Примечание: Это будет записывать выбранной области. - Вернуться к временной шкале, щелкните правой кнопкой мыши на изображении и выберите «Отменить выделение».
- Переместите ползунок шкалы времени к следующему изображению и нажмите на соответствующие плитки под ним.
- Наброски бластоцисты в новое изображение с быстрый инструмент «Выделение». Повторите измерение.
- Повторите эту процедуру (шаги 8,9-8,13) изображения на изображение до тех пор, пока все изображения поперечного области измеряется и регистрируется.
- В конце концов перейдите в журнале измерений, выберите все измерения в области переменной и экспортировать их в файл .txt.
Примечание: Единицы площади поперечного сечения, квадратные пикселы.
9. Редактирование файла данных с записанные бластоциста поперечного области от изображения, созданные на этапе уравновешивания
- Передачи данных записанных бластоциста поперечного сечения областей из txt-файла в табличном редакторе.
- Используйте первое поперечное сечение значение как значение ссылки 1 и Экспресс (преобразование) все другие значения быть часть этого ссылаться на значение.
- Создайте новую переменную Area_r и вставить значения области транскодирования (за исключением значение ссылки) под ним.
- Рядом с переменной Area_r создайте переменную времени и добавить первое значение времени.
Примечание: Первое значение времени представляет собой время, которое прошло с момента, когда была разоблачена бластоциста уравновешивания решение для начала записи под микроскопом оборудованы камерой. - Рассчитать каждый следующий раз подряд значение путем добавления 20 s к предыдущему значению времени.
Примечание: Это интервал времени, используемый в истребляя ненужных кадров видео, созданные во время записи.
10. потепление бластоциста
- Подготовьте СМИ для утепления.
- За день до потепления бластоциста, асептически обойтись три капли 150 мкл восстановления среды в 4-ну блюдо. Кроме того асептически отказаться от восстановления среды в блюдо 9-Ну микрокапель специально для покадровой микроскопии и записи. Средство восстановления накрыть парафинового масла и preincubate при 37 ° C с 6% CO2 и 5% O2.
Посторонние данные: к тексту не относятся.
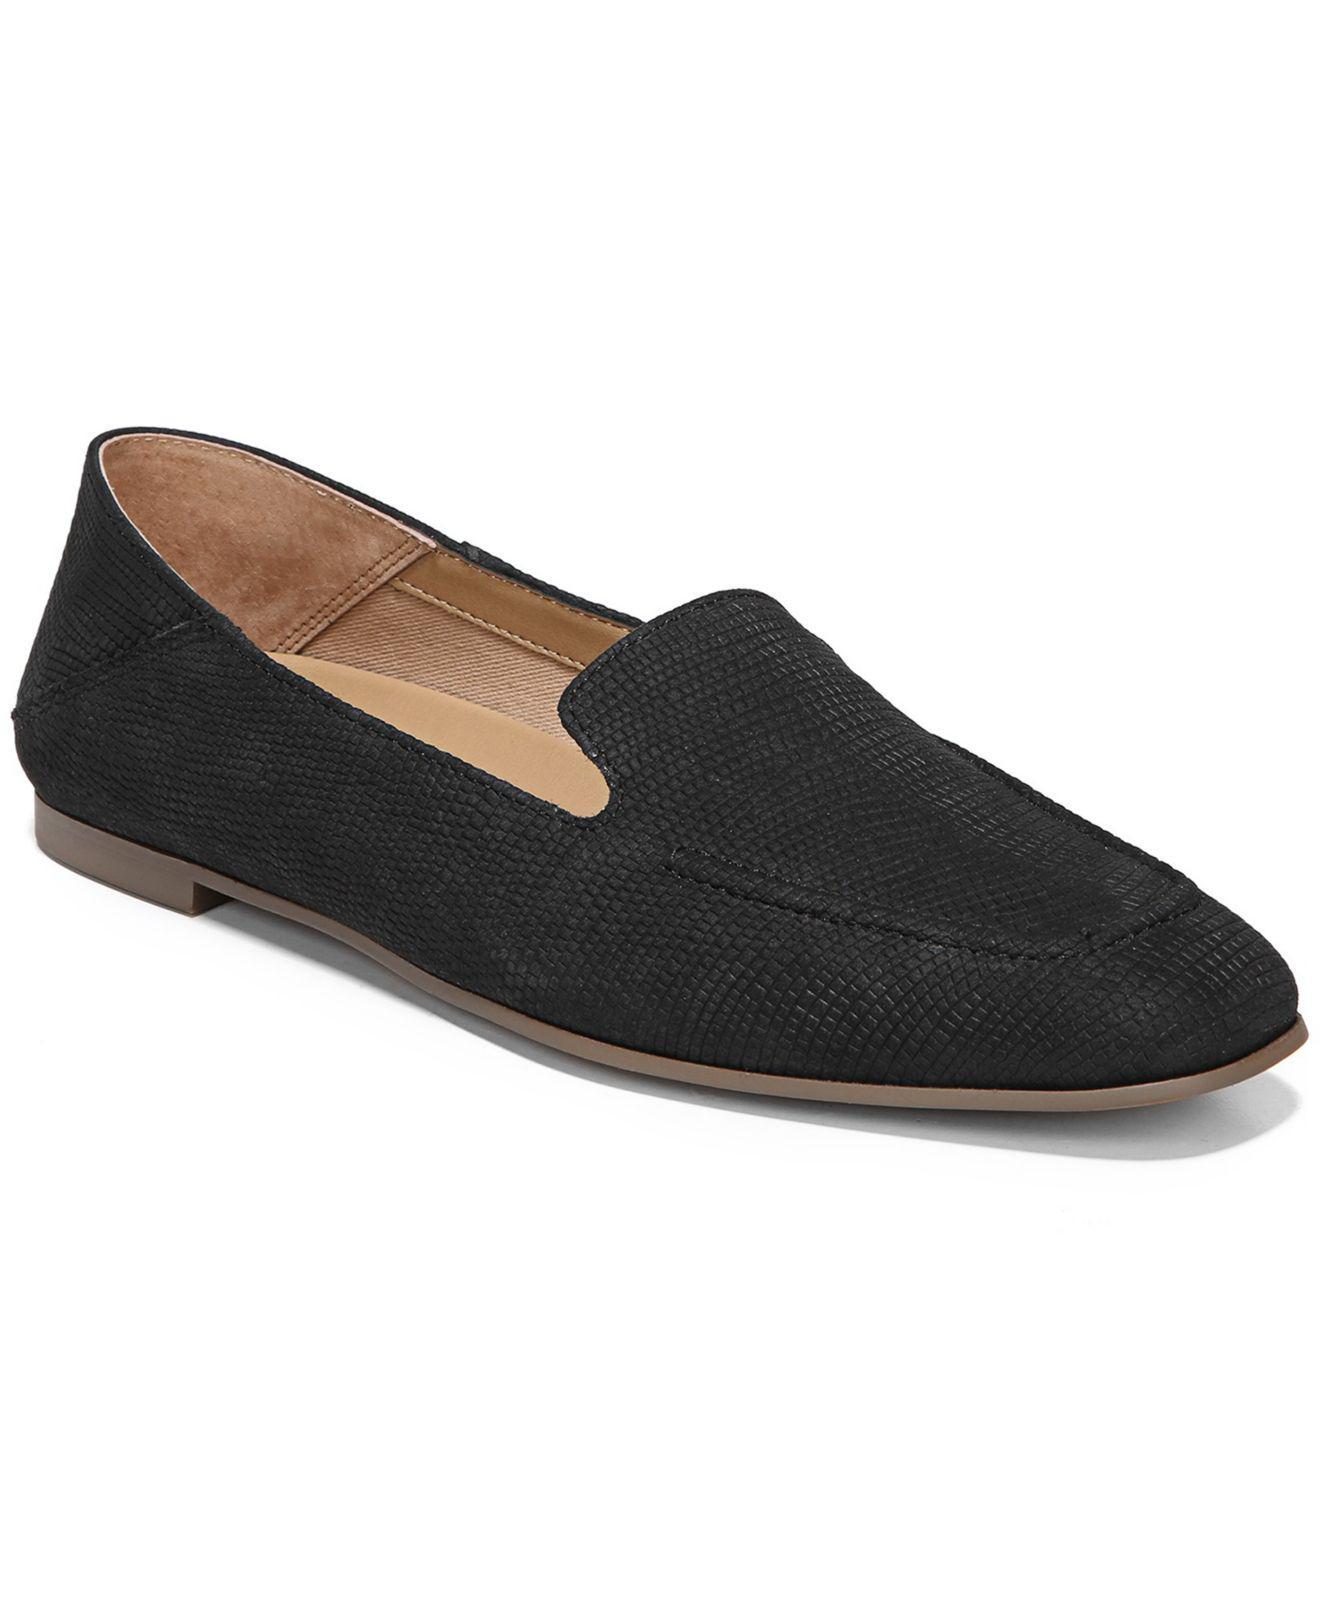 4febd1bb543 Lyst - Franco Sarto Gracie Loafers in Black

Примечание: Восстановление среды является средством культивирования для стадии бластоцисты эмбрионы с добавил человеческого сывороточного альбумина (HSA). HSA в среде восстановления должно быть 12 мг/мл. Чтобы заполнить дыры в 9-Ну блюдо, использовать дозатор для ооцитов денудации, чтобы избежать воздушных пузырей, а затем наложения области микрокапель с 30 мкл восстановления среды. - В день потепления бластоциста асептически обойтись 500 мкл оттаивания решение (TS) в один хорошо 4-ну блюдо и позволить ей нагреться до 37 ° C в инкубаторе без CO2.
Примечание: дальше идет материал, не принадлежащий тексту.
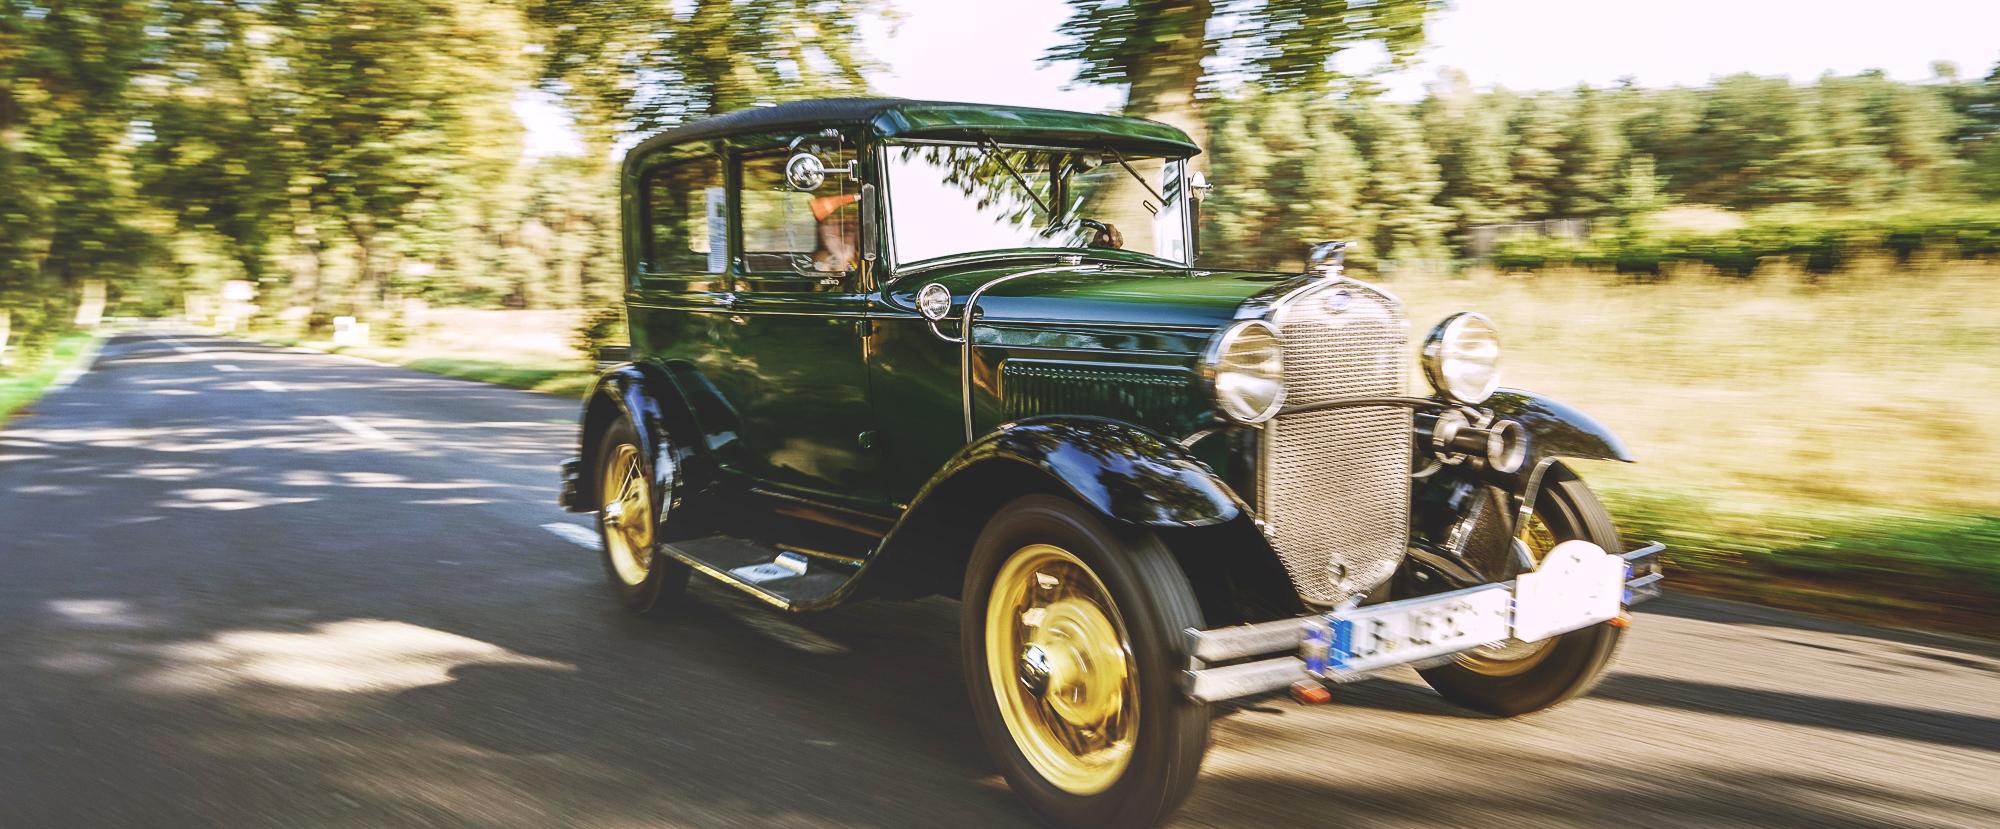 ADAC Landpartie - A Vintage Car Weekend - Wheels of Stil by Sven ...

- При комнатной температуре асептически обходиться одной капли 50 мкл разрежения (DS) решение и две капли 50 мкл моющего раствора (WS) в стерильных Петри. Обложка DS и и WS1 WS2 капли с парафинового масла.
Примечание: Вместо чашку Петри, 4-хорошо блюдо может также использоваться.
- За день до потепления бластоциста, асептически обойтись три капли 150 мкл восстановления среды в 4-ну блюдо. Кроме того асептически отказаться от восстановления среды в блюдо 9-Ну микрокапель специально для покадровой микроскопии и записи. Средство восстановления накрыть парафинового масла и preincubate при 37 ° C с 6% CO2 и 5% O2.
- Теплый бластоциста.
- Идентифицировать HSV соломы с стеклообразное бластоциста быть удалены из хранилища LN и быстро передавать LN-заполнены портативный водохранилище в рамках подготовки к процедуре потепления соломы.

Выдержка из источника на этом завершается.